Westthorn United Ladies Football Club was an early women's football team in Scotland.

The team was founded in 1967 by women working at Gay's biscuit factory in Glasgow. It was initially known as the Glasgow Gay Ladies, or Glasgow Gay Eleven. It soon moved training to Cambuslang, where it trained on the pitch at the Hoover factory, alongside the Cambuslang Hooverettes. The team's next move was to the Westthorn Recreation Ground in the East End of Glasgow, and this led it to adopt the "Westthorn United" name.

In 1968, the team were founder members of the first women's league in Glasgow. The following year, it entered the Butlin's Cup, beating Stewarton Thistle to win the Scottish side of the tournament. As a result, it played Fodens Ladies F.C., the English winners, in the first match for many years between women's teams from the two nations.

In 1970, the team was one of six founder members of the Scottish Women's Football Association, and it competed in the Scottish Women's Football League from its first season. 1972/73 proved its most successful season, as it won the league, the Scottish Women's Cup and the first Scottish Women's Football League Cup.

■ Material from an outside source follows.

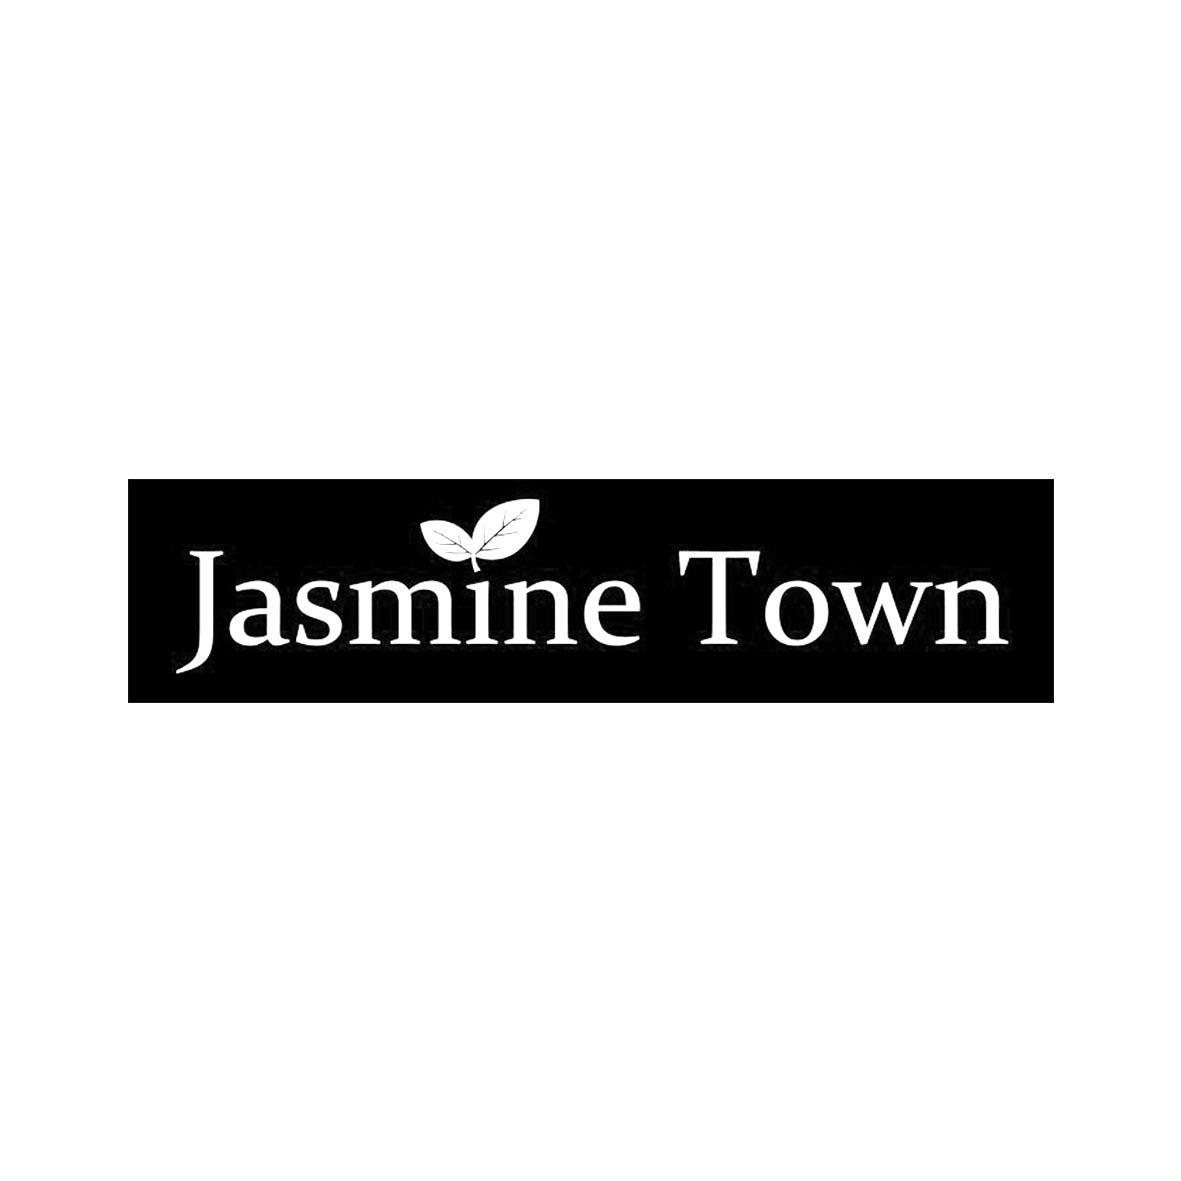 JASMINE TOWN
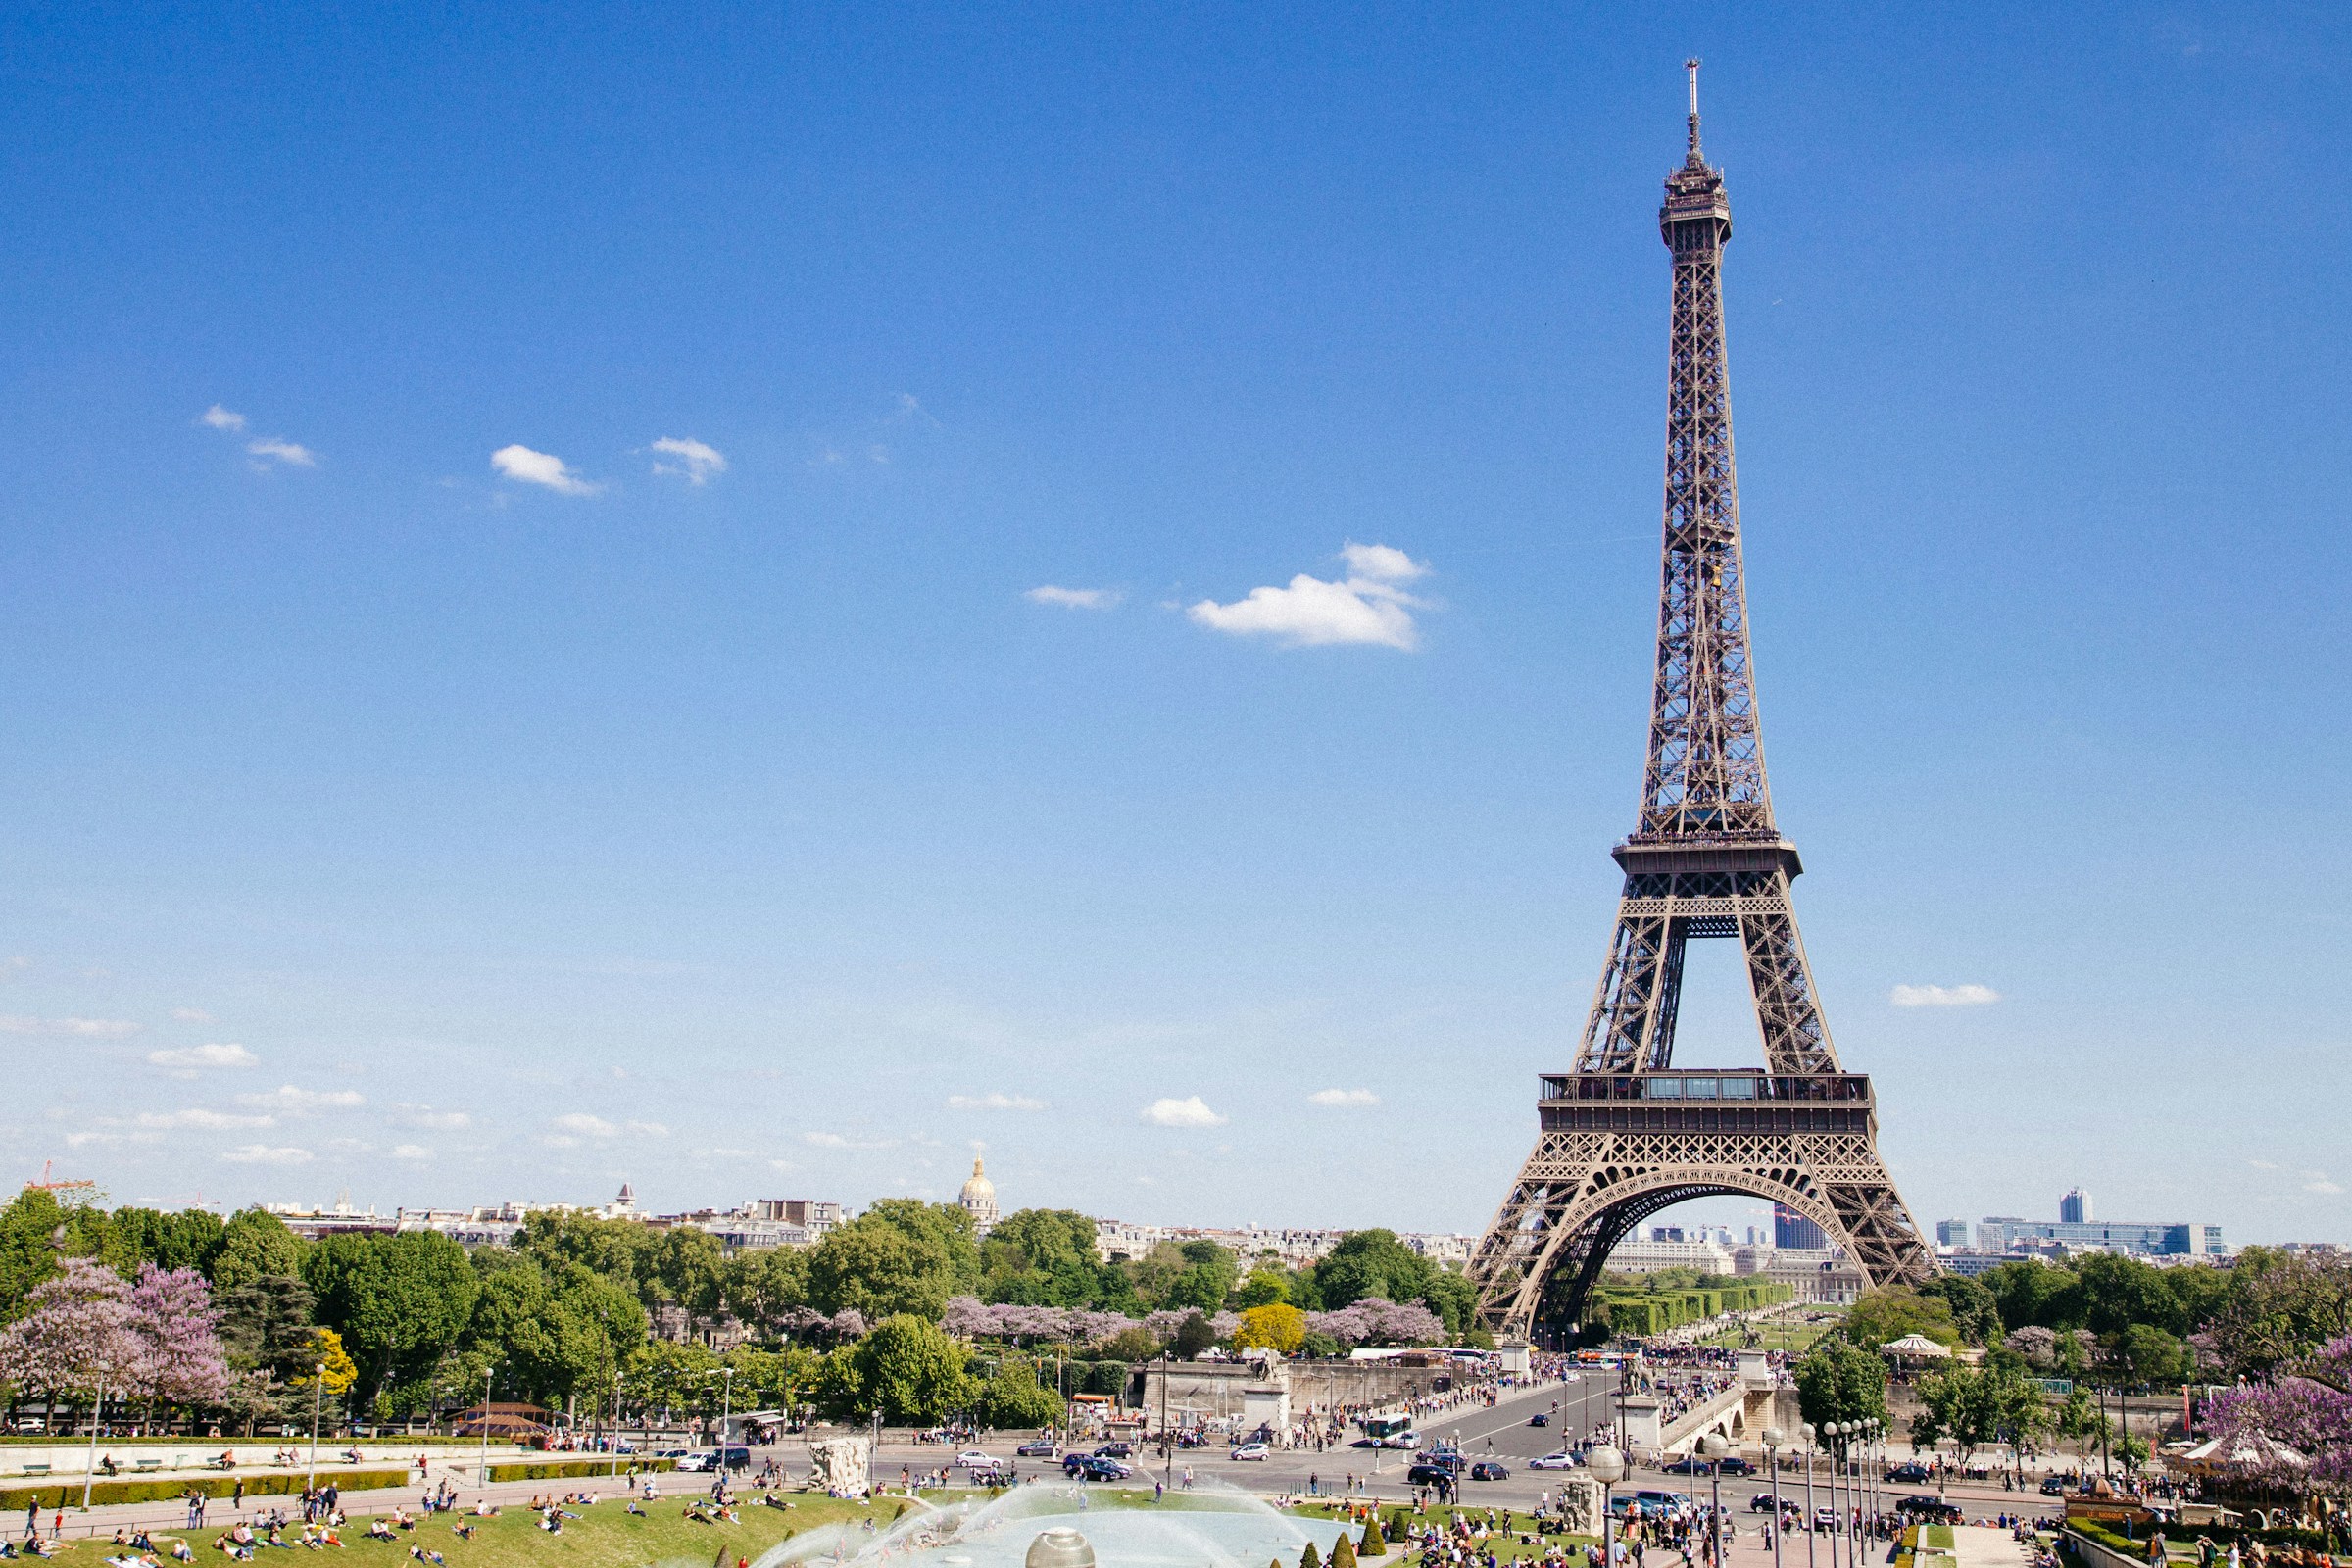 The Eiffel Tower in Paris | Source: Unsplash

It also reached the final of the Women's FA Cup, losing 2–0 to Southampton Women's F.C. 1973/74 was less successful, with the team reaching the final of the Scottish Women's Cup, but losing to Motherwell AEI.

At the end of the 1973/74 season, the team's two top players, Edna Neillis and Rose Reilly, both moved overseas to turn professional. The team continued playing in the top division until at least 1976/77, but dissolved before the end of the decade.